SUPPLIED RECORDS -
★ ★ ★ ★ ★

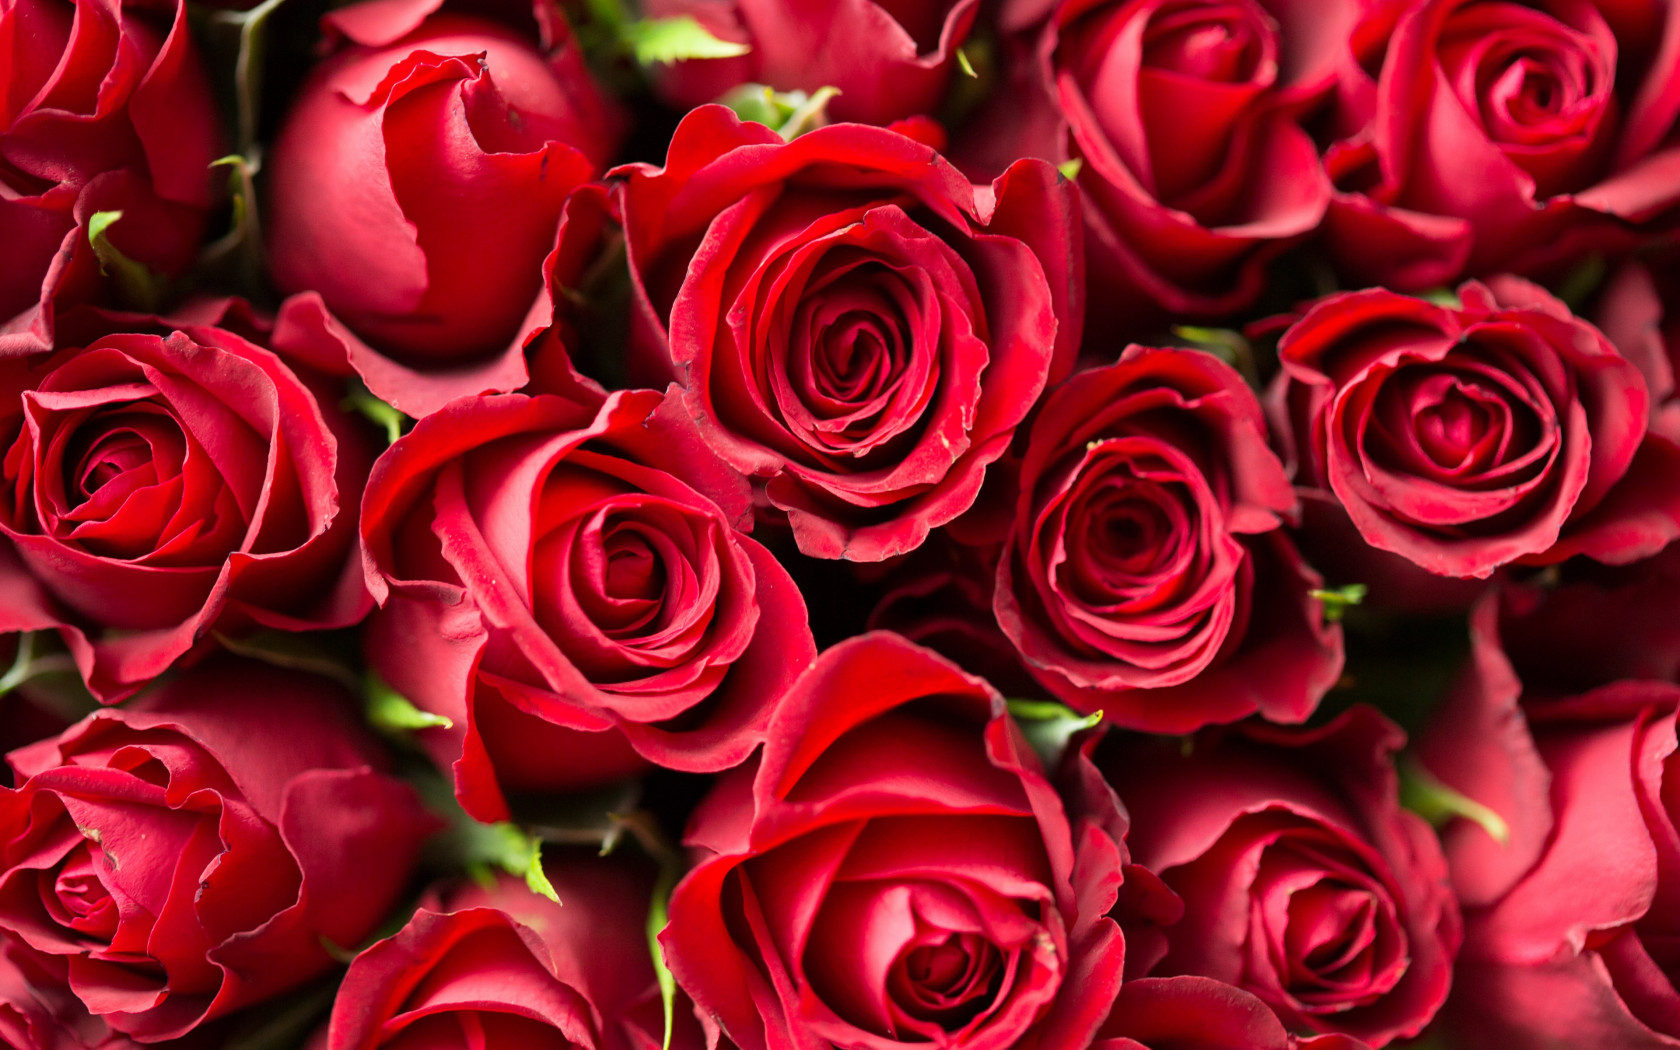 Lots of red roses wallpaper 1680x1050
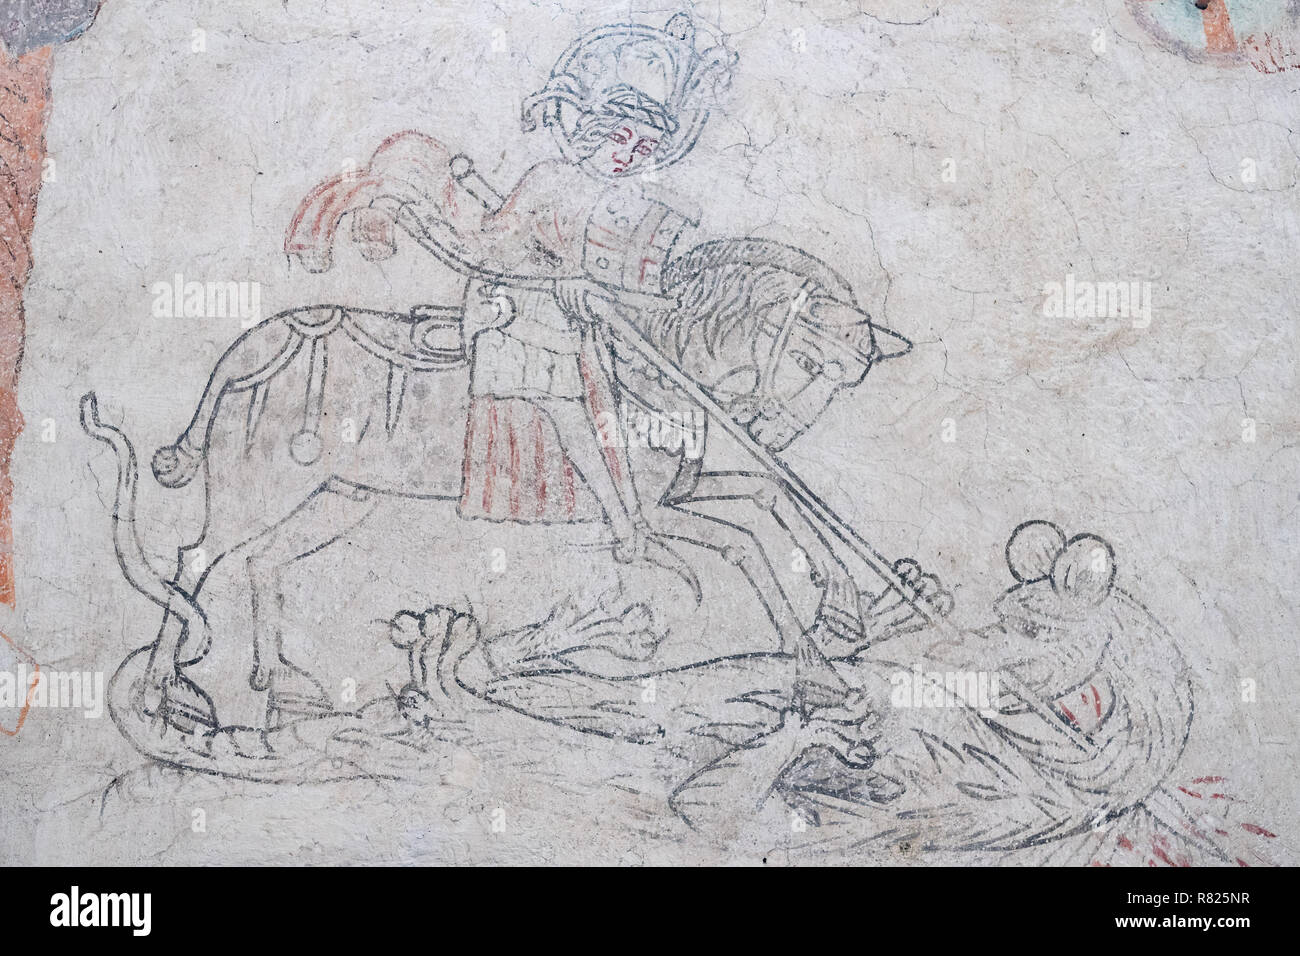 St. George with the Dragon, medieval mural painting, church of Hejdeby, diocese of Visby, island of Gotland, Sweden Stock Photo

★ ★ ★ ★ ★

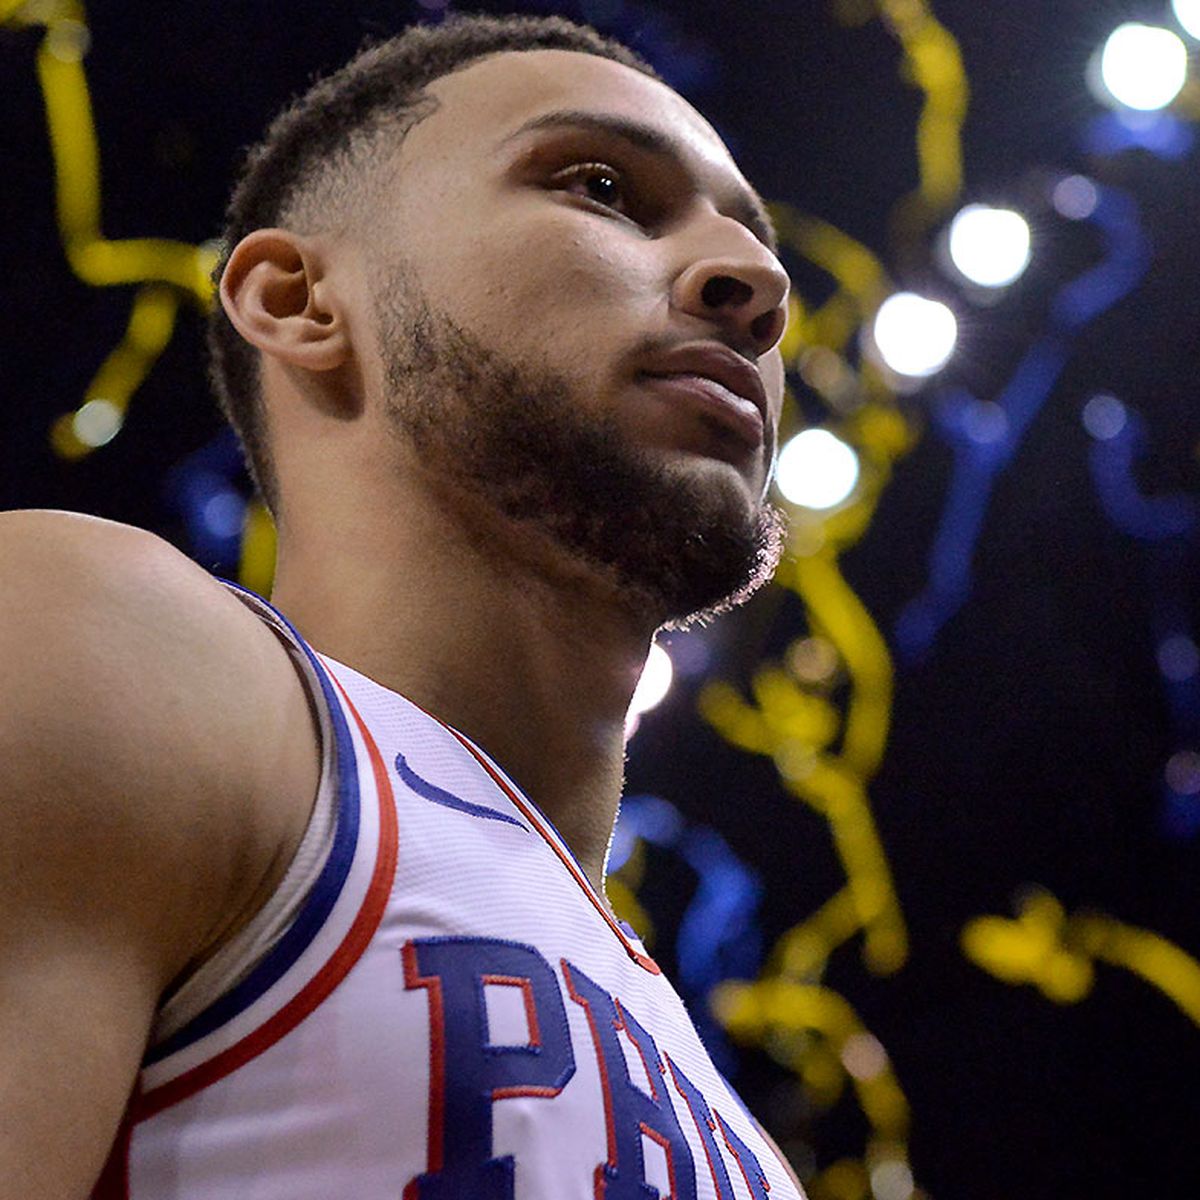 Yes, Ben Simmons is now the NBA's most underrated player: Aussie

★ ★ ★ ★ ★

ACTION ITEM - Above are some entries. Restate word for word the lines from the one holding "Lots of red roses wallpaper 1680x1050" through the one holding "St. George with", but not the pictures.

OUTPUT BELOW -
 Lots of red roses wallpaper 1680x1050
 St. George with the Dragon, medieval mural painting, church of Hejdeby, diocese of Visby, island of Gotland, Sweden Stock Photo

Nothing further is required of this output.